Materials
Fursuit Fur Guide: Heat, Weight, Pile
Luxury shag is cheap and fluffy but traps heat. Specialty fur is denser but cooler. Here's the durability, weight, and heat trade-off for every fur type.
The first fursuit I built used the cheapest luxury shag I could find on Amazon. $16/yard. It looked great in progress photos. Then I wore it for 45 minutes at a local meet, nearly passed out from heat, and watched the fur pill into sad little clumps after a single wash. That $96 I "saved" on fur cost me another $280 to refur the entire bodysuit six months later.
Fur is the single biggest material decision in a fursuit build. It determines how your character looks, how long the suit lasts, and whether you can actually survive wearing it for more than an hour. A full plantigrade suit needs 6-10 yards of primary fur, so this isn't a $30 decision. It's a $120-$650 decision that you'll live with for years. The budget calculator helps you see how fur costs fit alongside foam, adhesives, and all the other materials in a full build.
This guide covers every fur type used in fursuit making, compared across the three axes that actually matter: pile length, fabric weight, and heat retention.
The Three Axes of Fur Selection
Every fur choice is a trade-off between three things.
Pile length is the height of the fur fibers from the backing. Ranges from nearly zero (minky) to 3+ inches (extra-long shag). Longer pile means fluffier silhouette but more trapped heat. Most fursuit bodies use 1-2 inch pile. Heads typically use 0.5-1 inch for detail work.

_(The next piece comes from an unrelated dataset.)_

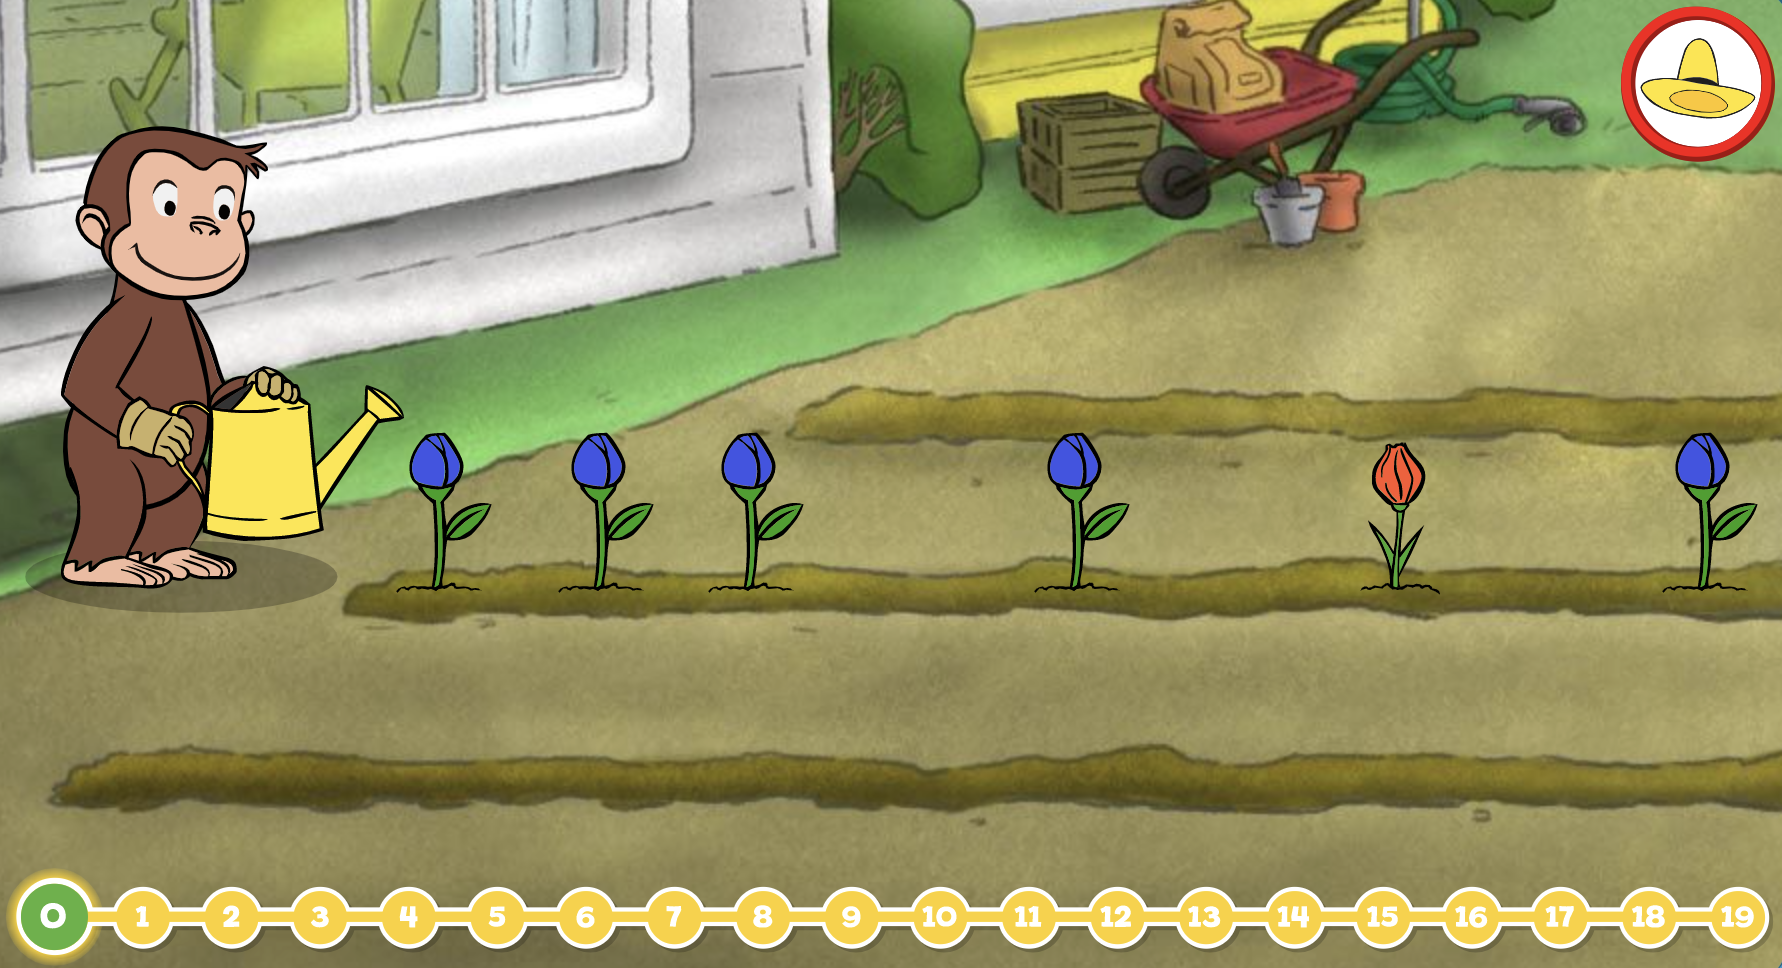 Curious George flower counting game

Fabric weight is measured in ounces per square yard (oz/yd²). Heavier fur is denser, looks richer, and hides seams better, but adds real weight and retains more heat. A full bodysuit in heavy fur can weigh 5-8 lbs more than the same pattern in lighter fur.
Heat retention is the practical consequence of pile and weight combined. Fur traps insulating air against your body. Inside a fursuit, body heat pushes enclosed humidity from 20% to 100% fast. Once sweat can't evaporate, core temperature climbs. Fur choice isn't just aesthetic. It's a safety decision.
Fur Types Compared
Luxury Shag
The workhorse of fursuit making. Luxury shag (sometimes called "lux shag") is what most builders reach for first. It's widely available, comes in 40+ colors, shaves predictably with clippers, and has a soft, slightly shiny texture.
Pile length: 1-2 inches unshaved. Most builders shave it down to 0.5-1 inch for the body and shorter for facial features.
Fabric weight: Medium (8-12 oz/yd²). Dense enough to hide the backing when you part the fibers, but not so thick that sewing becomes a battle.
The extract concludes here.